» Problem details: Where a picture appears in the data below, exclude it; restate everything else word for word.

» Supplied information:

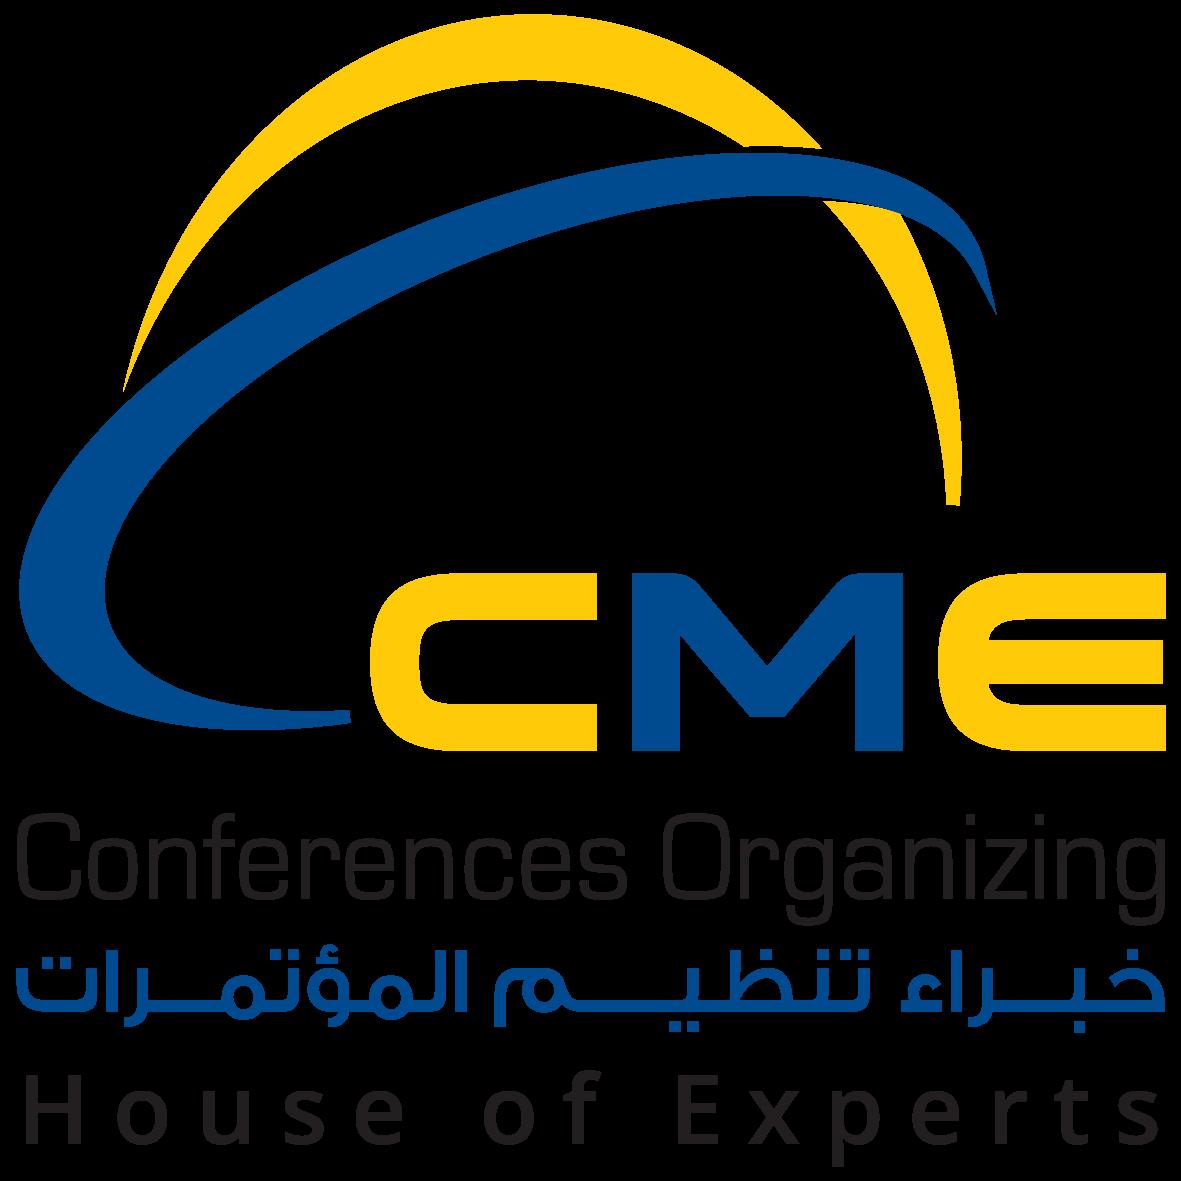 Dubai CME
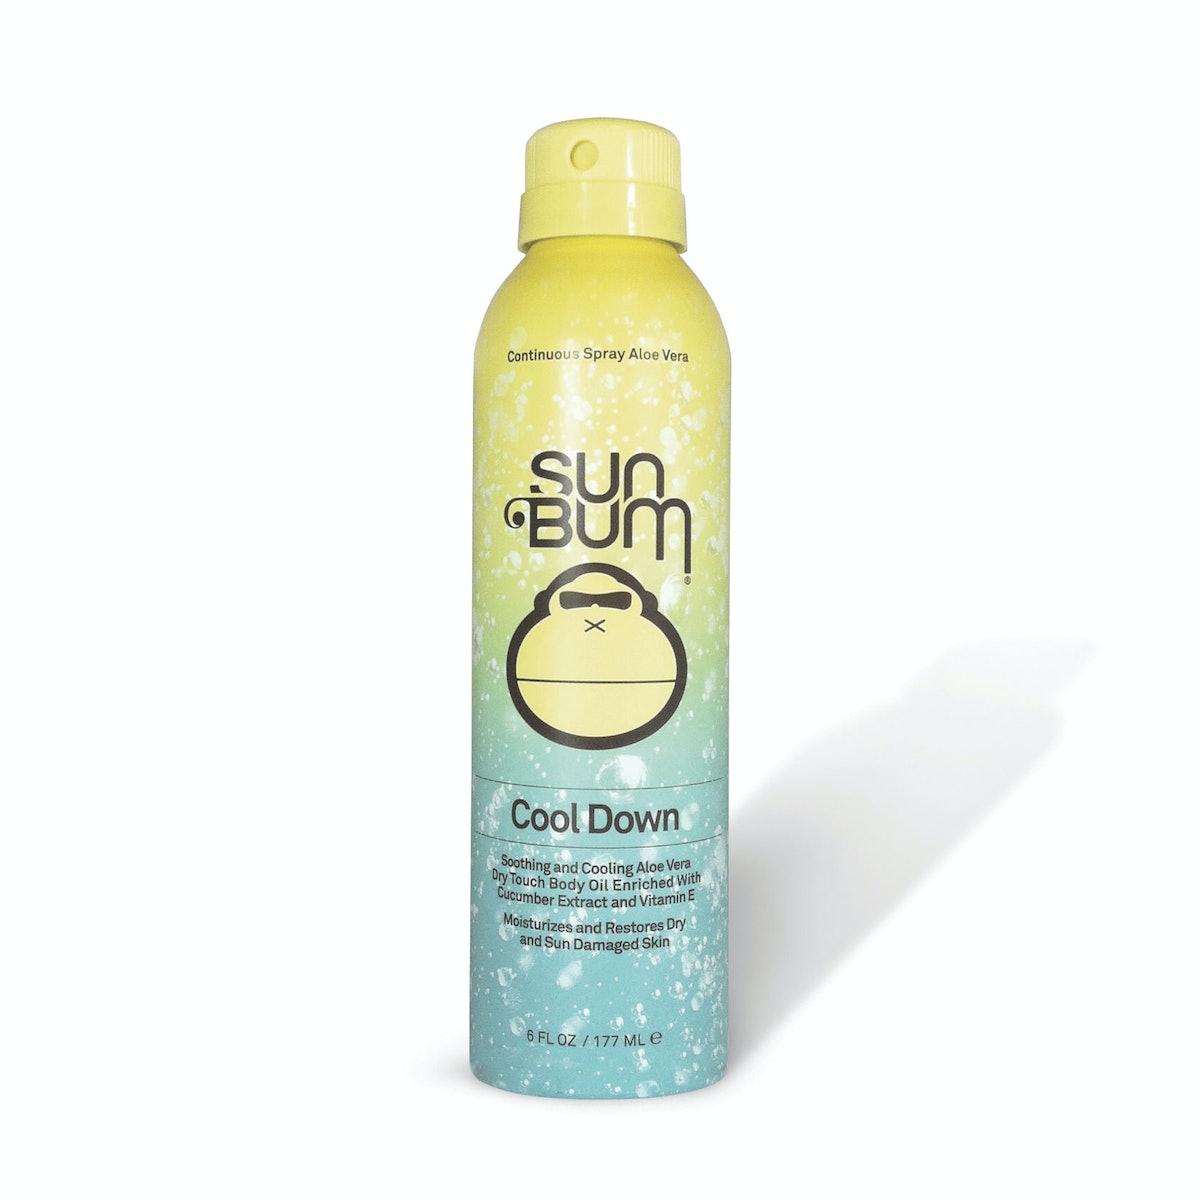 Sun Bum Cool Down Aloe Spray
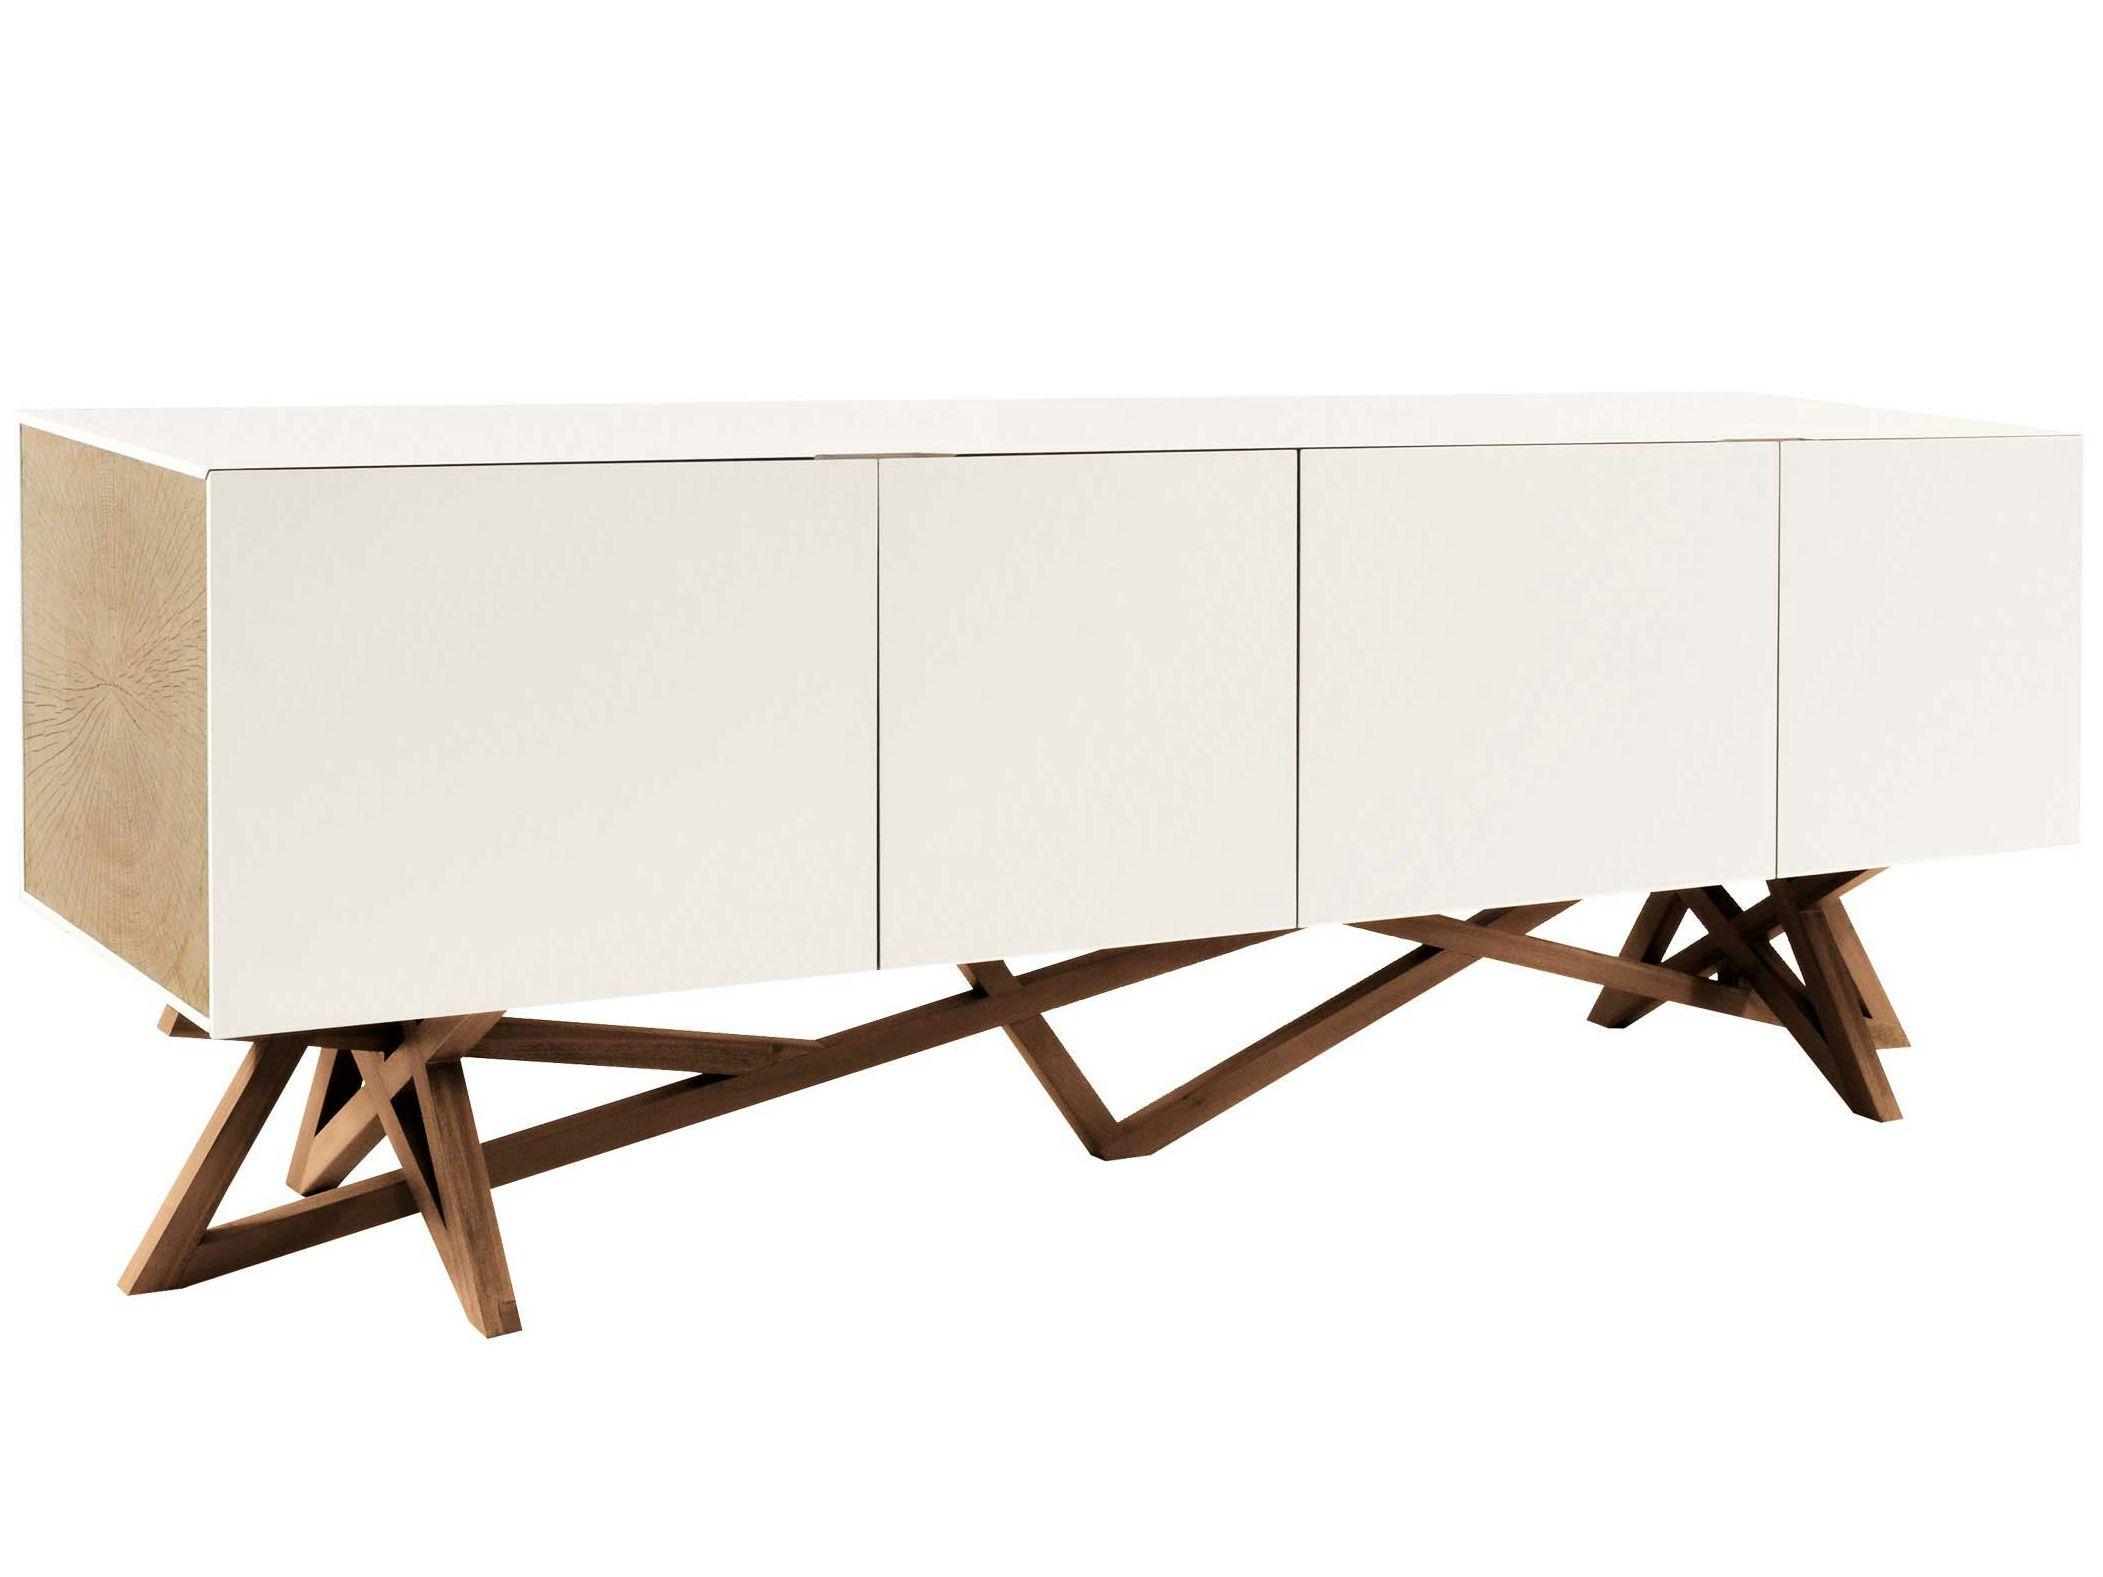 Saga Sideboard By Roche Bobois Design Christophe Delcourt  # Buffet Roche Bobois

» Answer for this exercise:
 Dubai CME
 Sun Bum Cool Down Aloe Spray
 Saga Sideboard By Roche Bobois Design Christophe Delcourt  # Buffet Roche Bobois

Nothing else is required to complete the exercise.